A full-stack ad platform built for the privacy-first era
Verve operates a full-stack advertising platform, connecting advertisers seeking to buy digital ad space with publishers selling it. With ~75% of revenue from the US and ~96% from mobile (in-app), Verve is positioned among digital advertising’s fastest-growing segments. Unlike most competitors within the so-called open internet*, Verve benefits from vast direct SDK integrations and supplementary first-party gaming data, enabling effective targeting without traditional identifier-based signals (cookies and device IDs), which are decreasing in relevance amid growing privacy concerns and stricter regulation.
2026 will be a show-me story
We see Verve’s market positioning as offering strong growth potential driven by structural tailwinds in programmatic advertising (high single-digit market growth with mobile in-app and CTV growing faster) and its relatively rare combination of vertical integration and proprietary first-party data enabling privacy-compliant targeting solutions. In addition, its ability to retain customers despite platform migration issues (96-98% retention rate in Q2-Q3’25) further evidences the resilience of its commercial relationships. Its scalable cost structure should also support margin expansion as revenue recovers from the disruptions in 2025. However, we believe these opportunities are counterbalanced by several near-term risks. The company must demonstrate that weak cash conversion in 2025 (9 MEUR FCFF vs. 94 MEUR in 2024) was temporary, rebuild credibility following the mid-2025 guidance downgrade by delivering on 2026 guidance, and prove that elevated leverage will not constrain strategic flexibility. Additional risks include potential AI disruption to ad models and market cyclicality. Putting these pieces together, our estimates reflect cautious optimism where we see conditions for a cash flow recovery, improved margins, and a return to stronger organic growth, with our top- and bottom-line projections broadly aligned with the midpoint of management's guidance (2026e: 16% revenue growth like-for-like, 17% adjusted EBIT margin). Ultimately, 2026 is, in our view, about management proving through consistent execution that the platform unification pain was worth enduring.

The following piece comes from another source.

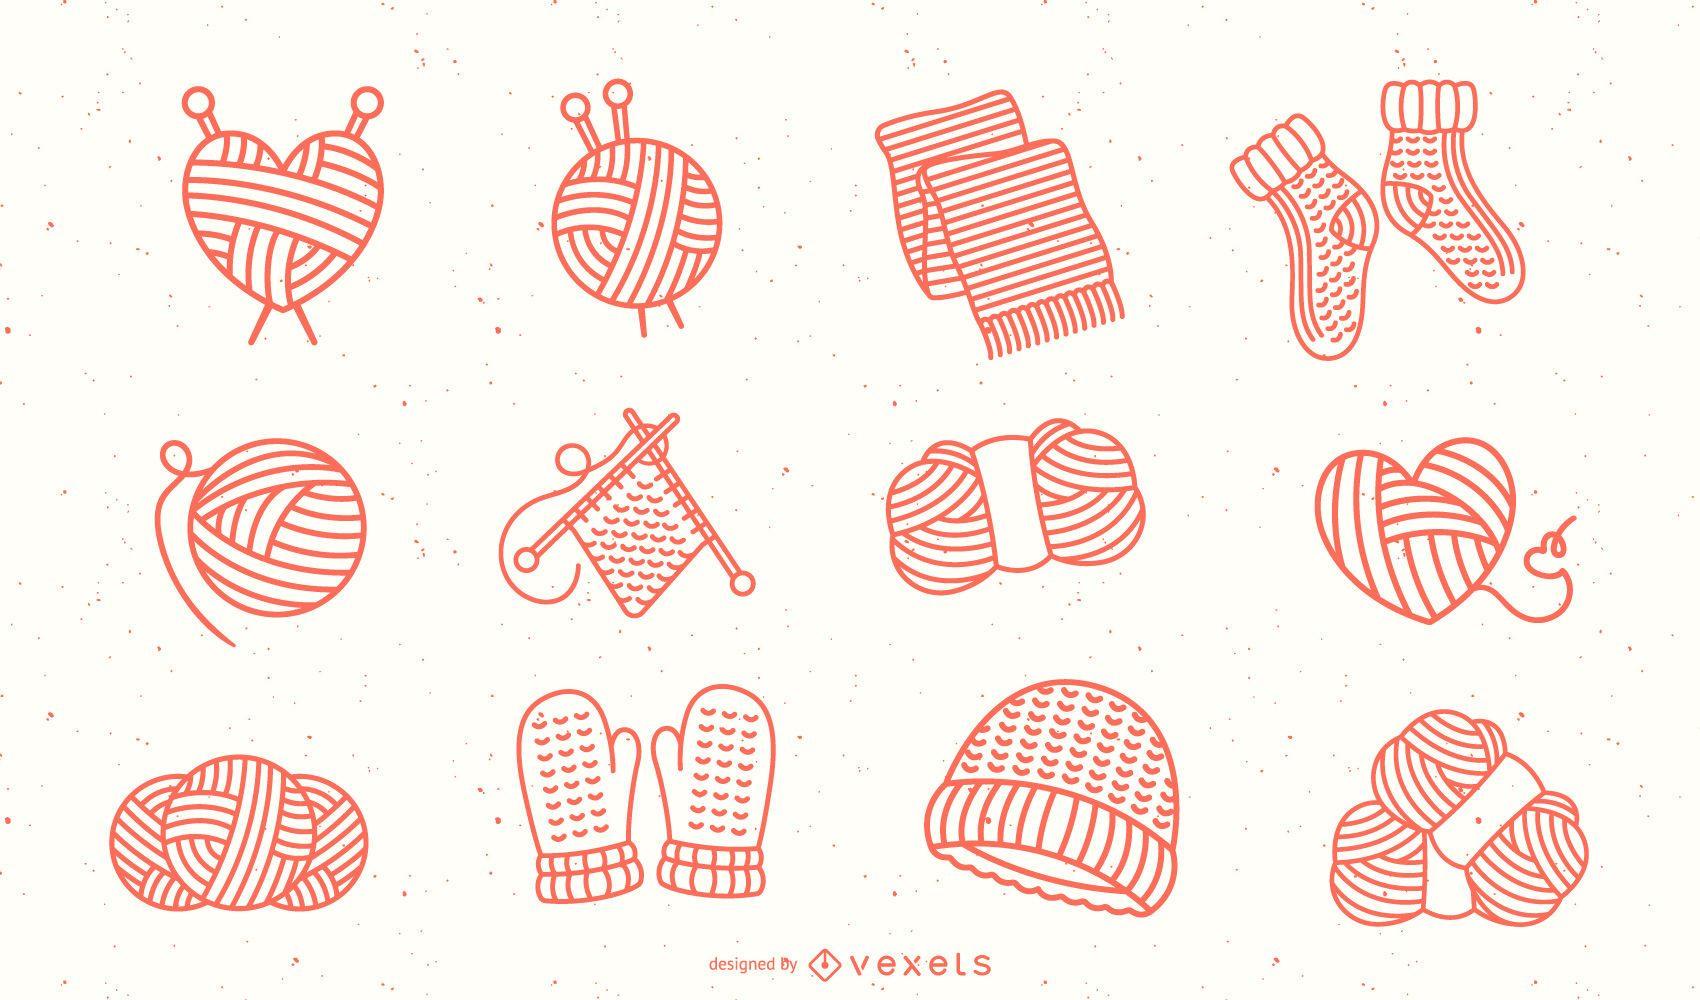 Strichkollektion aus Wollelementen
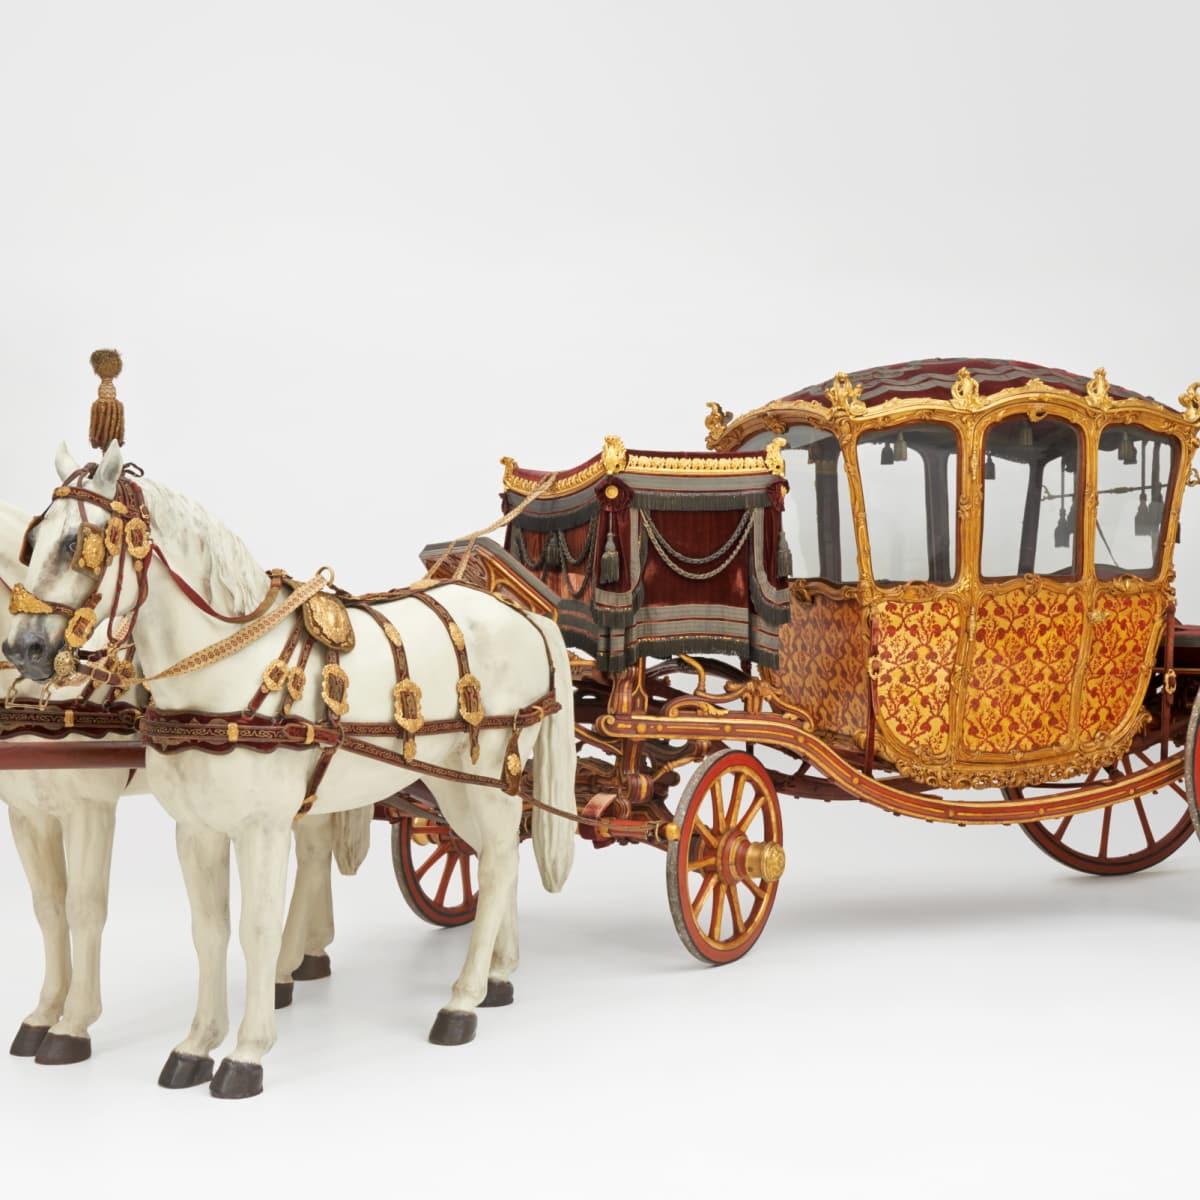 Habsburg Splendor Gala Carriage

Consistent execution will be key for a re-rate
Verve entered 2025 poised for, what we believed, a re-rating closer to its peer group, but stumbled badly. We assess that the market's patience has worn thin, with the stock trading at very low absolute multiples (2026e**: 6x EV/adj. EBIT, 10x EV/adj. FCFF) that, in our view, reflect the market’s genuine skepticism about the company’s ability to convert earnings into meaningful cash, compounded by its elevated leverage, and broader valuation pressure on open-internet ad tech. Before any re-rating can materialize, we believe management must demonstrate stronger cash conversion, prove that platform efficiencies are sustainable, make meaningful progress toward its deleveraging targets, and rebuild trust through consistent execution. That said, the platform is now unified and stable, with 2026 guidance suggesting management's confidence in returning to normalized growth. If those conditions are met, we believe the current valuation offers strong upside, but the burden of proof remains firmly on execution.